EEG Biofeedback: Self-regulation Training
The approach to EEG biofeedback which is based on the medical model can probably best be defended by someone who actually uses it. Let me describe the alternative model. The perspective is one of the healthy brain, which has the versatility to modulate arousal states and attentional styles as the immediate situation requires. In the disordered brain, this ability is diminished to some degree, or brain function is compromised by discontinuities in cortical processing, or breakdowns in intra-cortical communications. The EEG reflects first and foremost the state of arousal in which the individual finds himself. EEG biofeedback training, by favoring specific frequency bands, can "move" a person to a different physiological state in the general case, provided merely that the person is willing to "try to train". This is claiming no more than that a person can be changed in physiological state by temperature and EMG training, about which no controversy remains. We are simply using the more "central" information of EEG correlates of physiological states rather than peripheral measures. Moving a person to a different physiological state may benefit him in terms of the experiences he may have in that state, or in terms of an enhanced ability to navigate among different physiological states autonomously. Also, exercising the ability to maintain a particular state tends to reinforce and stabilize the mechanisms by which various states are maintained. These abilities need have little to do with pathology. In fact, these abilities are greater, and can perhaps be enhanced even more, in the more mentally competent person.
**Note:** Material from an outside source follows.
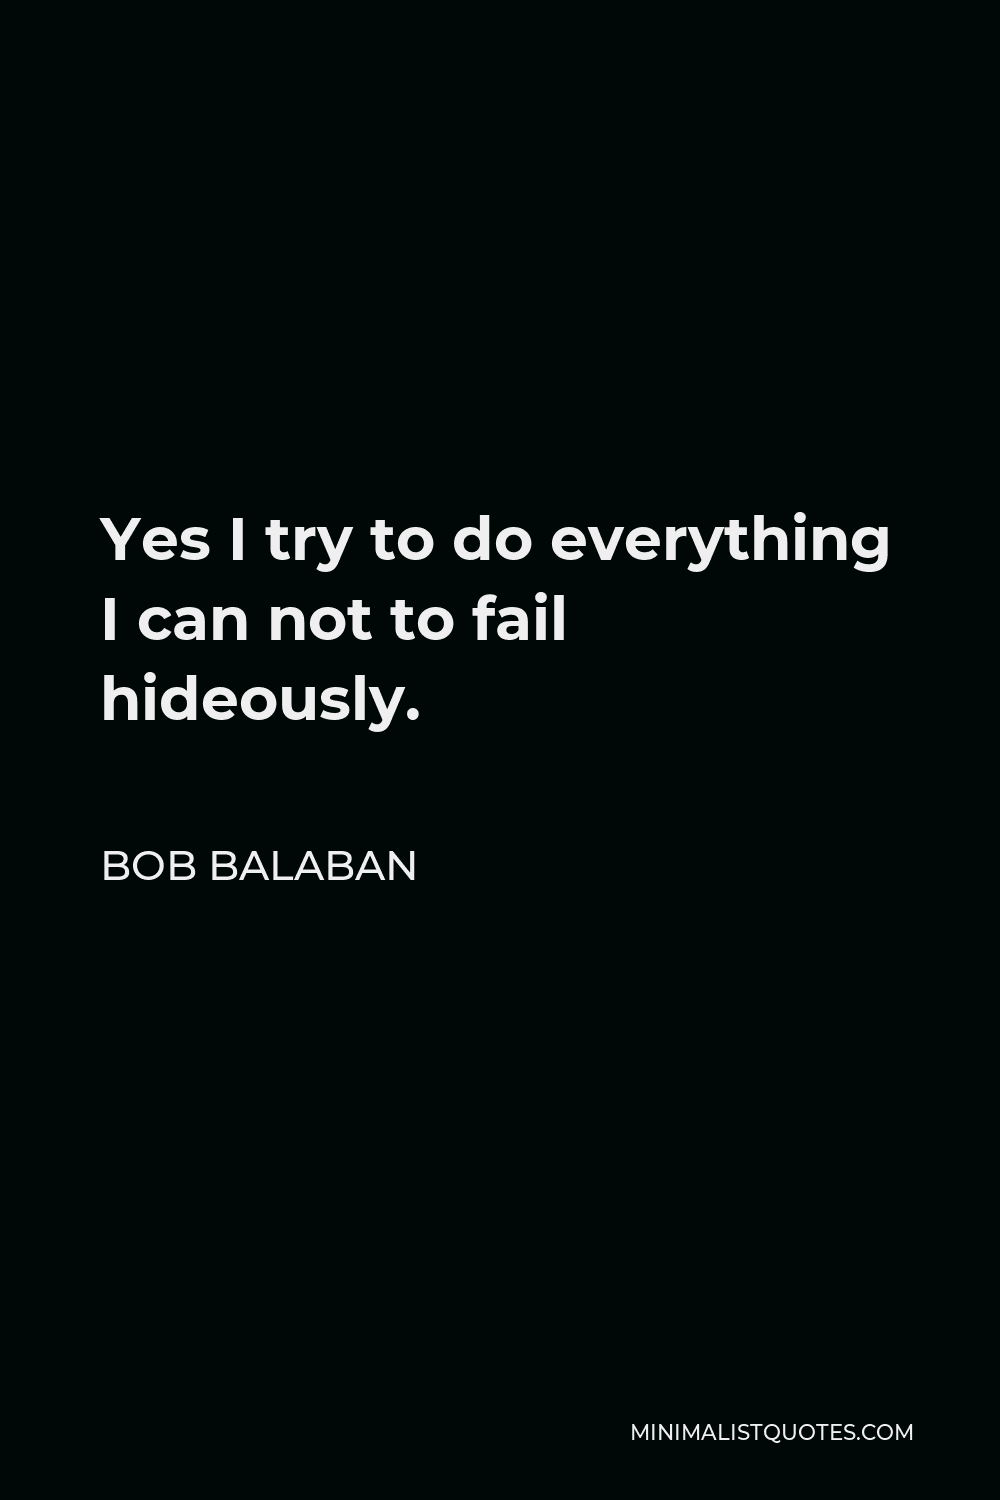 Bob Balaban Quote - Yes I try to do everything I can not to fail hideously.

Whether someone derives benefit from the training has little to do with any traditional diagnostic categories of mental disorders. The training accomplishes three essential tasks, in our view:
1) It enhances the ability of the individual to access and maintain different states of physiological arousal;
2) it enhances and supports the mechanisms by which the brain manages cortical hyperexcitability;
3) it reinforces equilibrium states, i.e. homeostasis.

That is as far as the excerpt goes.